McSweeney was born in New York, but moved to Connecticut with her mom when she was 13, after she was expelled from Manhattan’s elite, all-girls school Convent of the Sacred Heart. (The same school Dorinda and Ramona sent their daughters, incidentally.) It’s unclear why, exactly, McSweeney was expelled — “it was actually total bullshit,” she assures me — but the move was traumatic. In Connecticut, there was an incident, one McSweeney doesn’t want to talk about before the show airs, because she and her mom have a come to Jesus moment about it this season. “I was a juvenile delinquent,” she says. She was so used to getting in trouble at the time, that “getting beat up by the cop that night, and getting arrested, it didn’t feel that traumatic. It was just another night.”

Still, the incident was a wake up call for her. In the cell that night, as she did sit ups and waited to appear before the judge, McSweeney says she told herself, “Leah, this is fucked up. It’s Independence Day, you’re locked up, your life’s a mess. You need to get your shit together big time.”

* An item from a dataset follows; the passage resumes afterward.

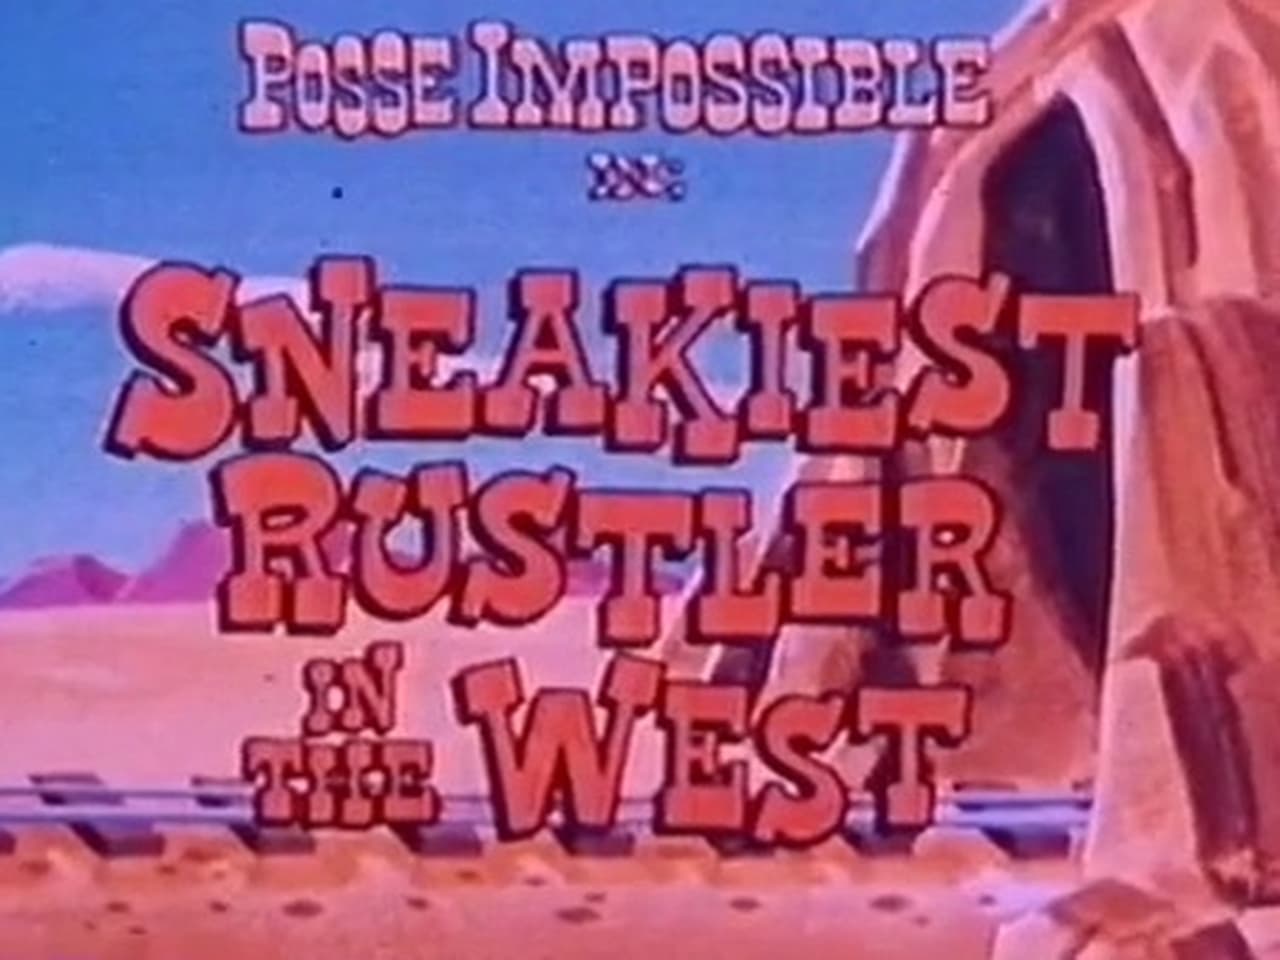 The Sneakiest Rustler in the West

Married to the Mob went on to be a huge success. Rihanna’s worn it, as have Fergie, Little Kim, and Lady Miss Kier. The line has also collaborated with brands like Kangol, Colette, and Nike. And while she’s done well financially, McSweeney feels she doesn’t get as much credit for her success as other, male-dominated streetwear brands. “There’s no other guy brands in the streetwear world that have done as many collaborations as me, except maybe Supreme, and maybe Kith,” she says. (McSweeney was sued by Supreme for $10 million in 2013, after the brand accused Married to the Mob of ripping off its signature design with their line of “Supreme Bitch” paraphernalia. McSweeney, in turn, accused Supreme of trying to silence her. The lawsuit was dropped later that year following an out of court settlement.) Clearly, though, she hopes her brand will benefit from her role on the show. In March, the Married to the Mob website was nothing more than a blank page with the message “We’ll be right back, bitch,” and a return date: April 2, 2020 — season 12’s premiere.

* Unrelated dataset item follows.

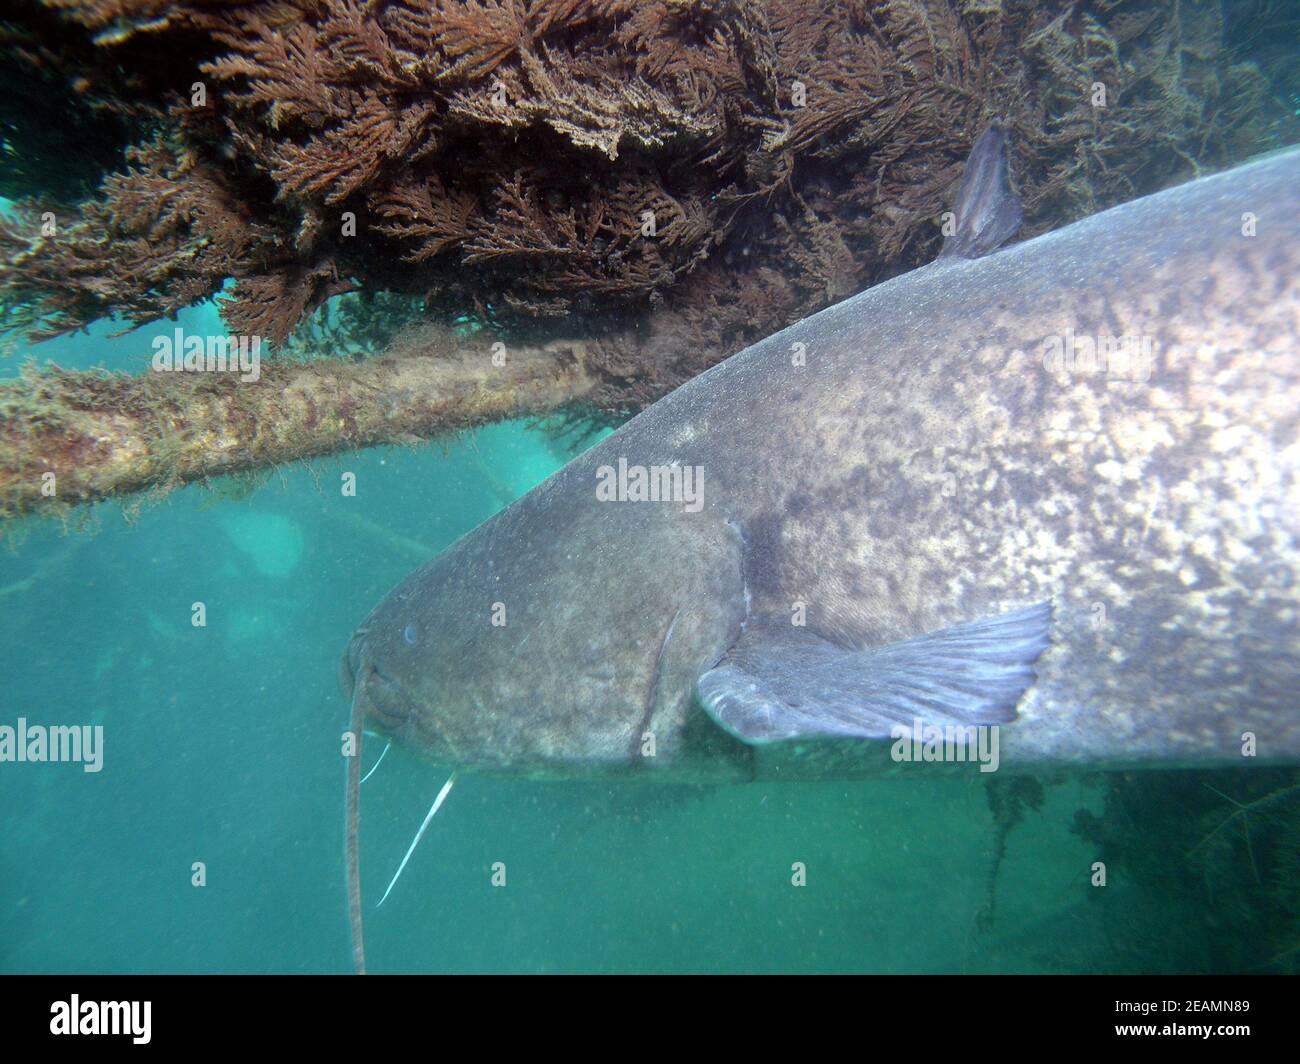 big wels catfish or sheatfish in Lake Kulkwitz Stock Photo

With her business savvy and blunt conversational style, McSweeney is reminiscent of another New York housewife, one who isn’t returning this season. When I start to bring up Bethenny Frankel’s surprise exit from the franchise, Bravo’s publicist turns her camera back on and unmutes herself to explain that McSweeney and Frankel have never met, actually, and that McSweeney “doesn’t really know her” though they follow each other on Instagram, and share the same esthetician. (McSweeney says she won’t say what salon or anything: “They’re high profile.”) With this matter resolved, the publicist mutes herself and turns off her camera.

As we wrap things up, I ask McSweeney what she plans to do with the rest of her social distancing time in the Hamptons. She’s FaceTiming with her trainer today, and is going to take a hike tomorrow. She and her family are avoiding grocery stores right now, she explains. “We read that everybody from New York is coming here and bringing corona here. But not us.”